Worden, still recovering from several months of Confederate captivity as a prisoner of war, received a message from Joseph Smith of the Ironclad Board on January 11: “I have only time to say I have named you for the command of the battery under contract with Captain Ericsson, now nearly ready at New York. This vessel is an experiment. I believe you are the right sort of officer to put in command of her.”
Worden responded that he was “induced to believe that she might prove a success.” Five days later, Worden arrived at New York and reported to Secretary of the Navy Gideon Welles: “… I have this day reported for duty for the command of the U.S.S. Steamer, building for Capt. Ericsson.”

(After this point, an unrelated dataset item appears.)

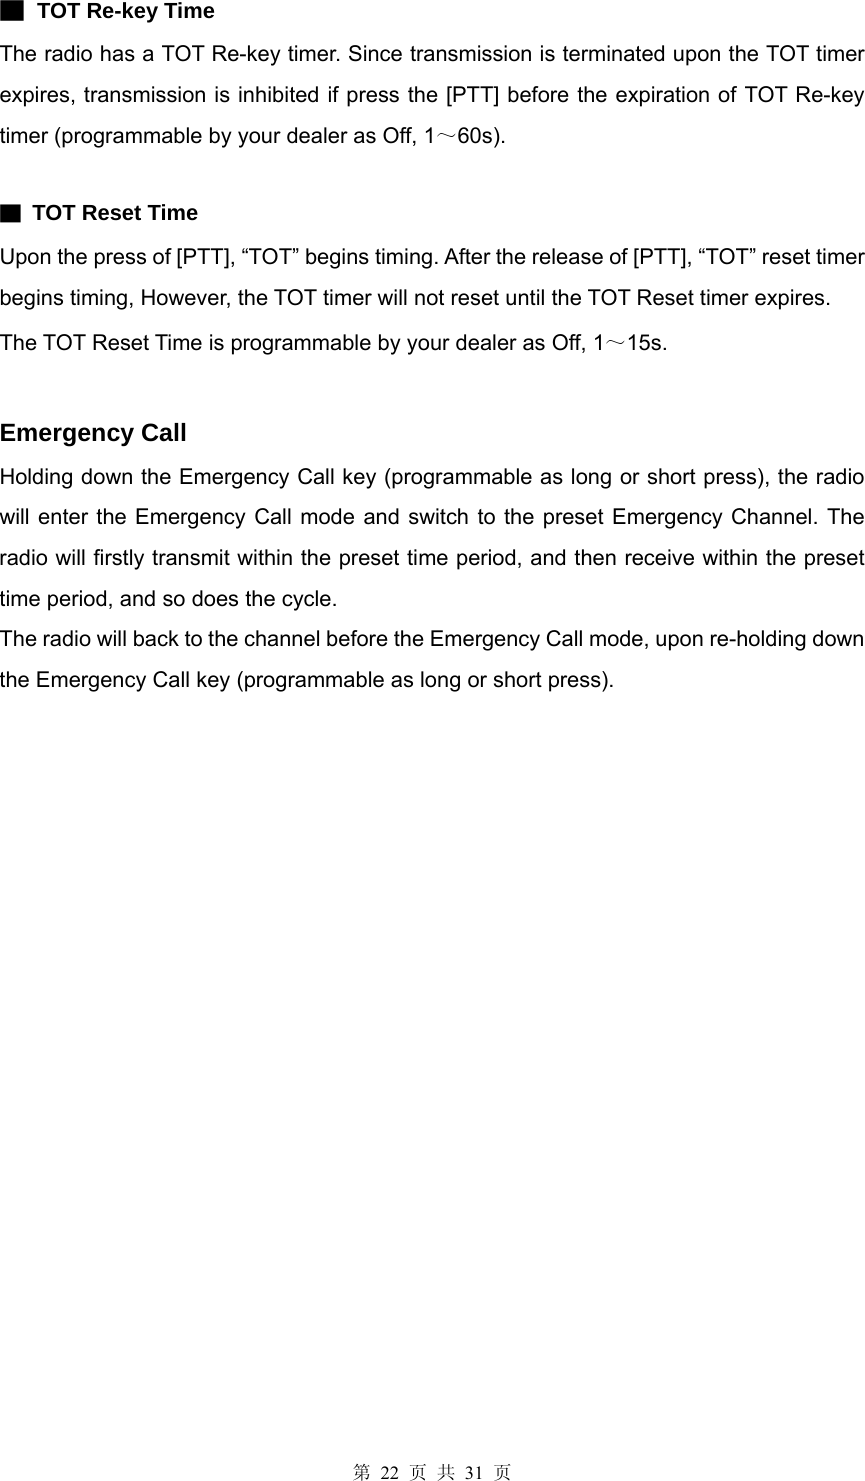 第 22 页 共 31 页 ▇ TOT Re-key Time The radio has a TOT Re-key timer. Since transmission is terminated upon the TOT timer expires, transmission is inhibited if press the [PTT] before the expiration of TOT Re-key timer (programmable by your dealer as Off, 1～60s).  ▇ TOT Reset Time Upon the press of [PTT], “TOT” begins timing. After the release of [PTT], “TOT” reset timer begins timing, However, the TOT timer will not reset until the TOT Reset timer expires. The TOT Reset Time is programmable by your dealer as Off, 1～15s.   Emergency Call Holding down the Emergency Call key (programmable as long or short press), the radio will enter the Emergency Call mode and switch to the preset Emergency Channel. The radio will firstly transmit within the preset time period, and then receive within the preset time period, and so does the cycle. The radio will back to the channel before the Emergency Call mode, upon re-holding down the Emergency Call key (programmable as long or short press).

The ship was revolutionary in that she contained 47 patentable inventions. The 172-foot-long vessel was encased in nine layers of iron and operated like a floating raft, with most of the body below the waterline. An inch of iron plating protected the wooden deck, with more iron on the sides to protect against rams and fire.

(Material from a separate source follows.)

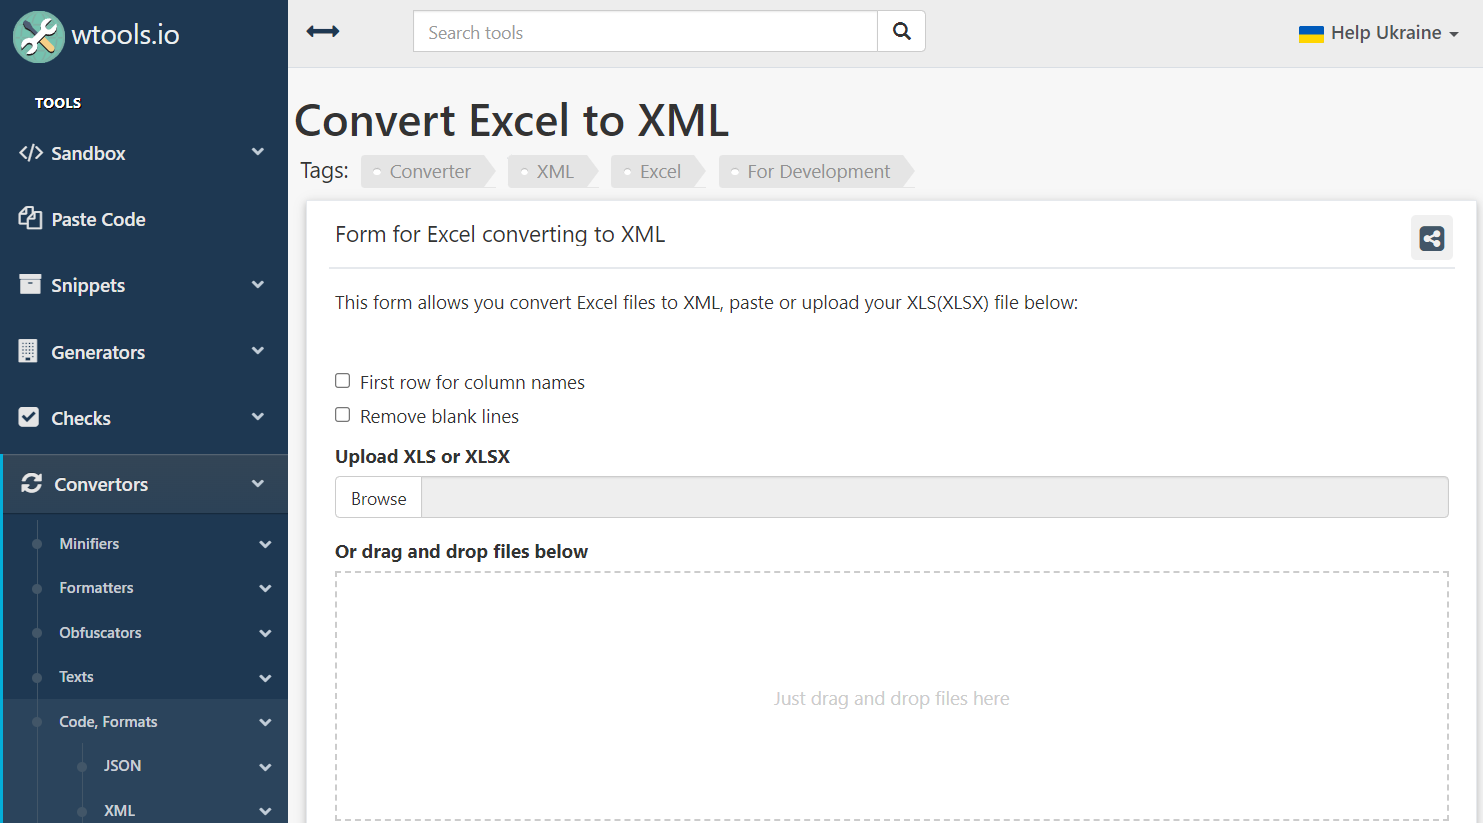 WTOOLS Excel to XML Converter

Topping the deck was a nine-foot-high revolving turret, protected by eight layers of one-inch iron plating. The turret, 20 feet in diameter, housed two cannon that could be fired in any direction. When Ericsson could not get 12-inch guns for the turret, he borrowed two 11-inchers from other ships in the harbor.
Another of Ericsson’s innovations was the engine, which connected to a crankshaft and turned the four-bladed propeller. Capable of reaching a speed of six knots, the smokestack venting the exhaust could be removed during combat.
On January 30, Ericsson launched the vessel from the Greenpoint Shipyard on Long Island. Although Ericsson missed his completion deadline, he still built the warship in 101 days, a timeframe that many thought impossible. In fact, Ericsson completed work on his ship before Confederates completed the C.S.S. Virginia, even though they had a three-month head start.
The warship steamed down the East River in Manhattan on her maiden voyage with a draft of 11 feet, just as Ericsson had predicted. Thousands of onlookers cheered at the strange vessel, with some comparing her to a “cheesebox on a raft.” Ericsson suggested that she be named the Monitor, as “one who admonishes and corrects wrongdoers.”
Worden recruited 57 volunteers to serve as crewmen aboard the U.S.S. Monitor, whose launch would change the course of naval history.